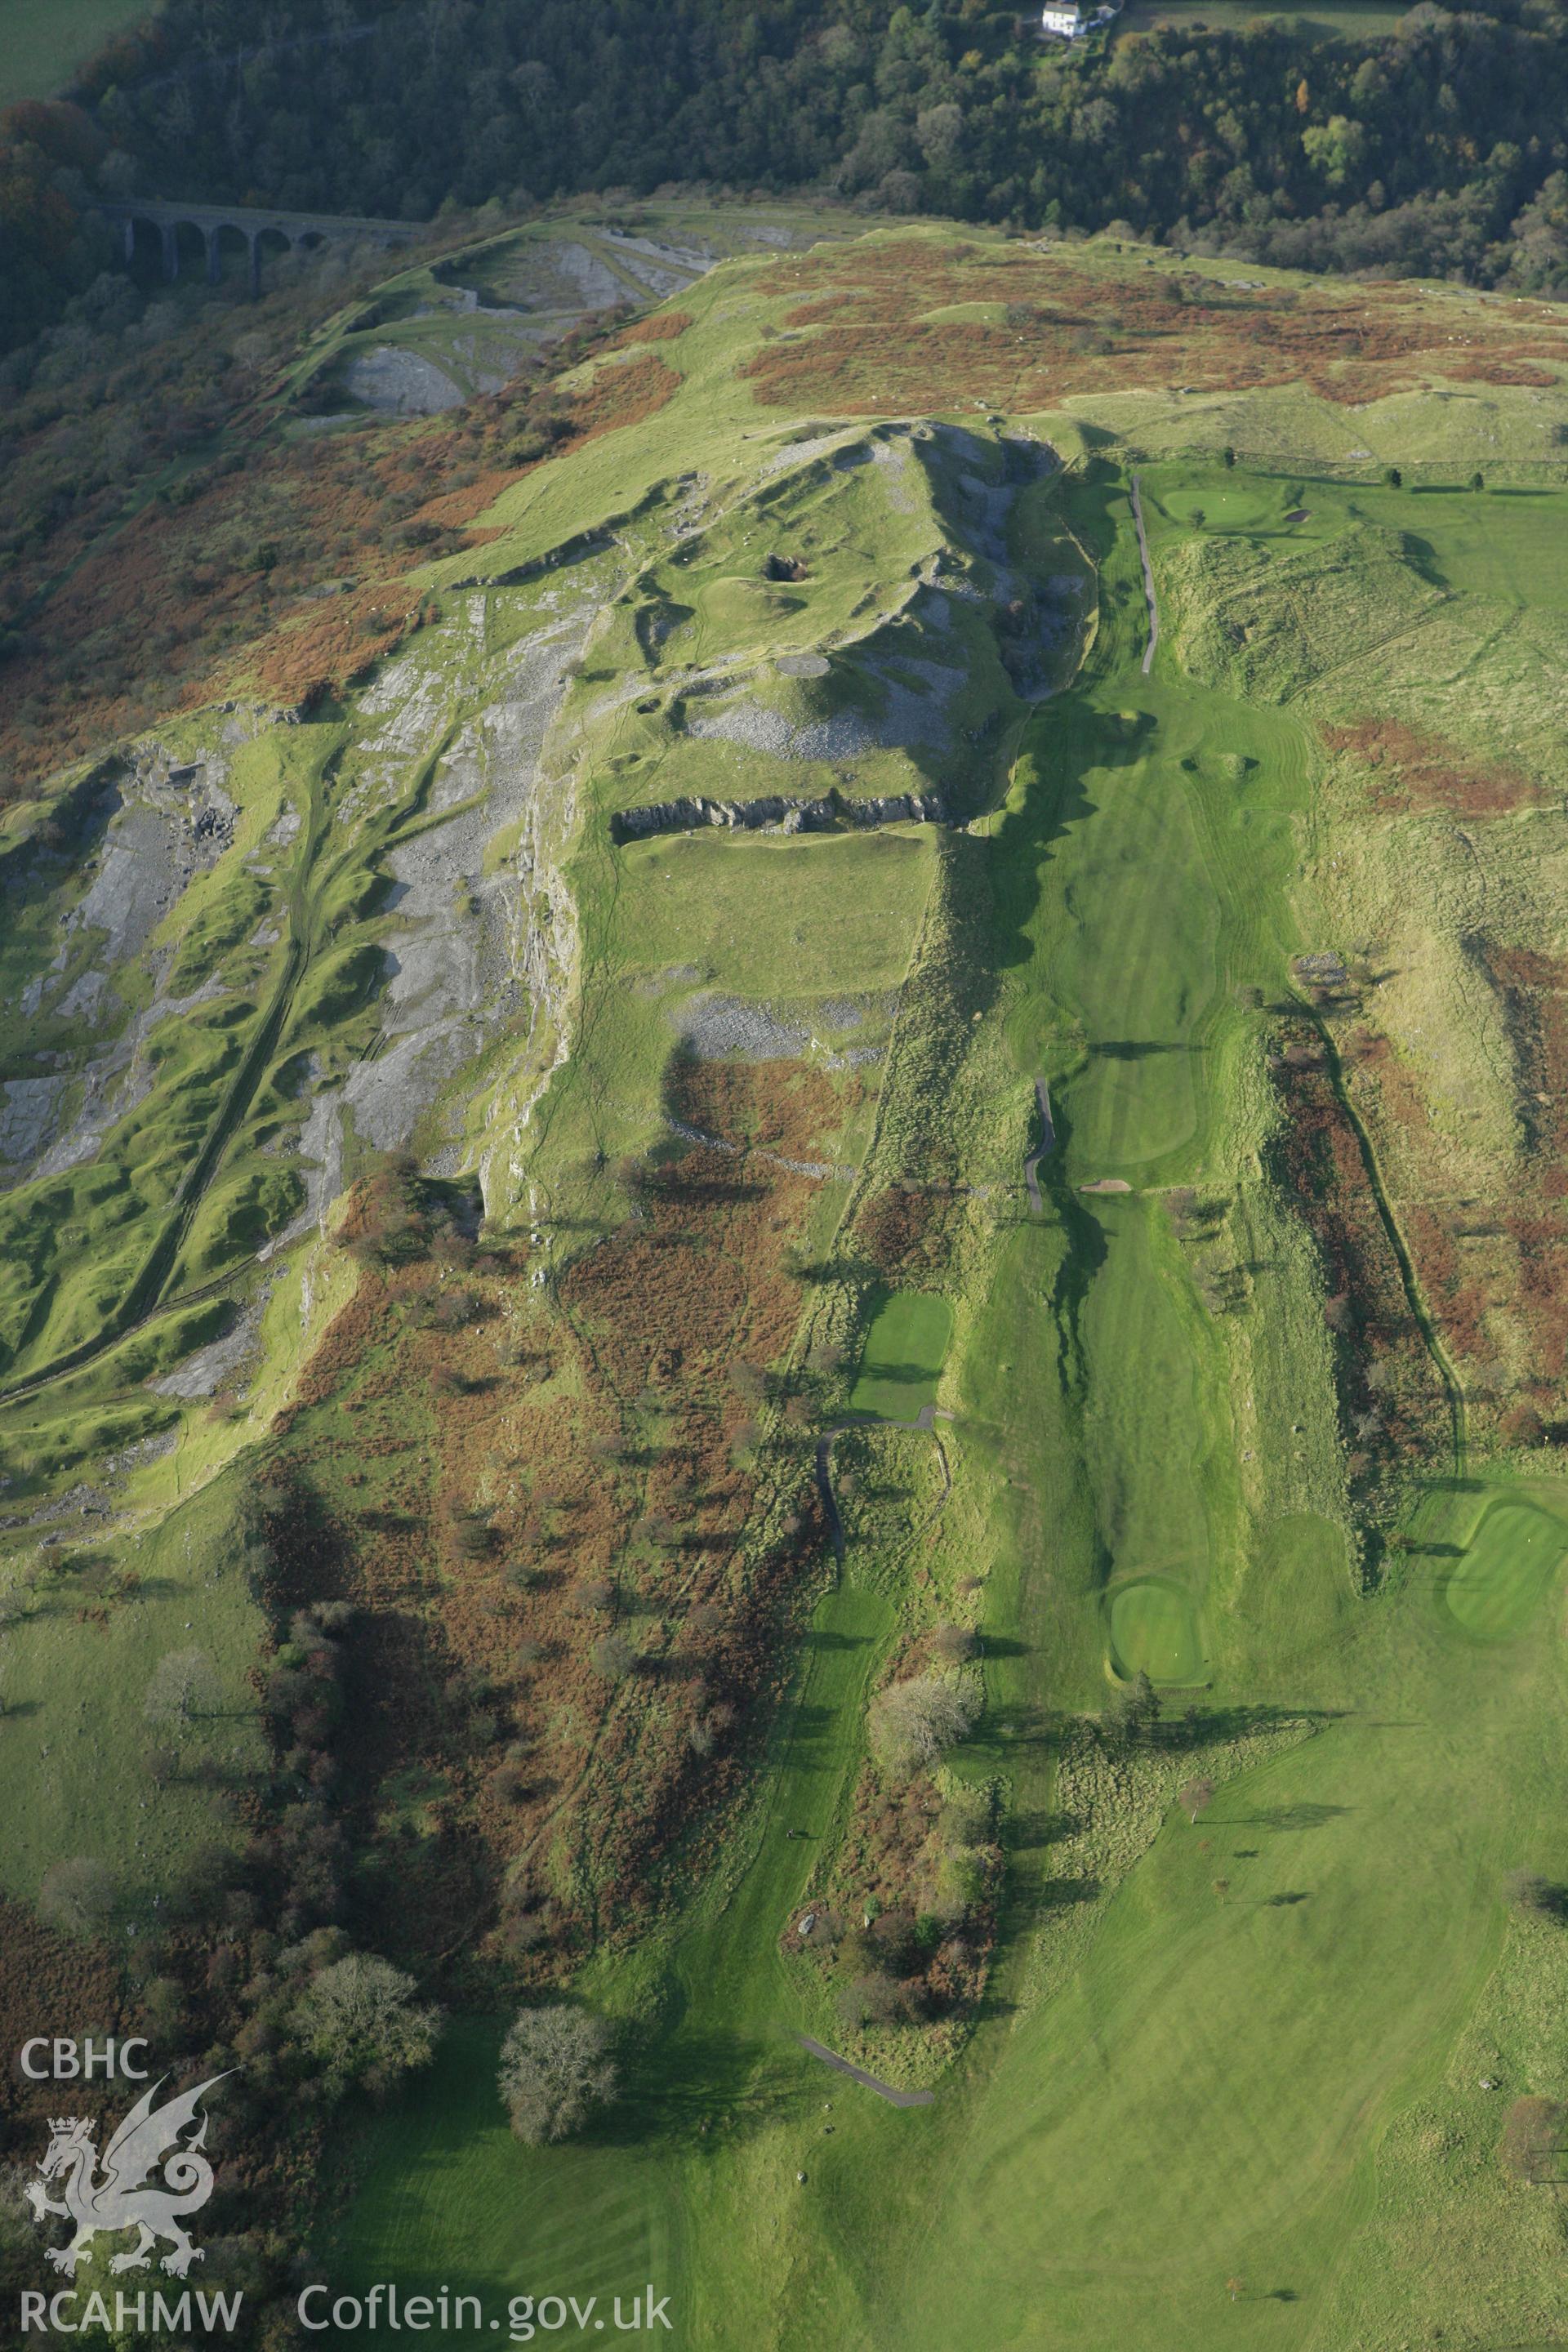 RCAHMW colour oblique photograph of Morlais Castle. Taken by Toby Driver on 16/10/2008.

* * *

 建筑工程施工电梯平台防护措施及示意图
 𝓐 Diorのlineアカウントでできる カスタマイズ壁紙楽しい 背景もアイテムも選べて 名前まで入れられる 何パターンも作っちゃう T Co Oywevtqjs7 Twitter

...

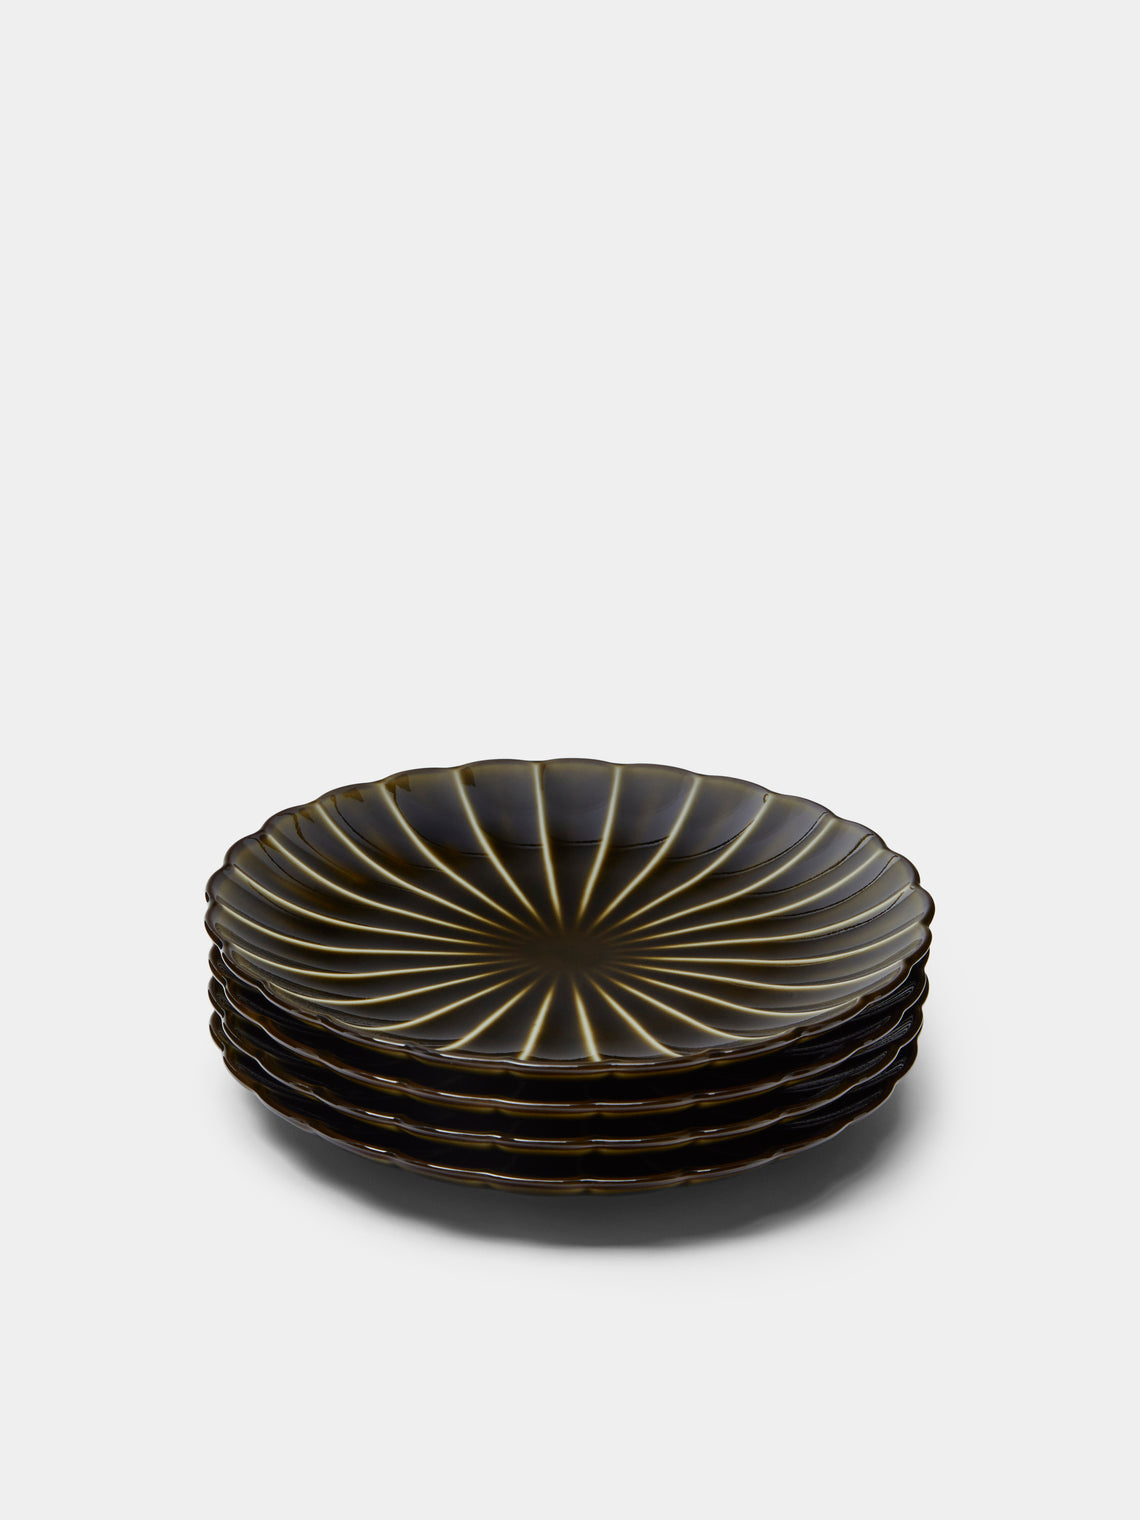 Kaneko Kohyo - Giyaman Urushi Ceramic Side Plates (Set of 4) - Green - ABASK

» TASK GOAL: Of the entries above, repeat exactly the lines from the line with "建筑工程施工电梯平台防护措施及示意图" through the line with "𝓐 Diorのlineアカウントでできる カスタマイズ壁紙楽しい", both of them included.

» OUTPUT BELOW:
 建筑工程施工电梯平台防护措施及示意图
 𝓐 Diorのlineアカウントでできる カスタマイズ壁紙楽しい 背景もアイテムも選べて 名前まで入れられる 何パターンも作っちゃう T Co Oywevtqjs7 Twitter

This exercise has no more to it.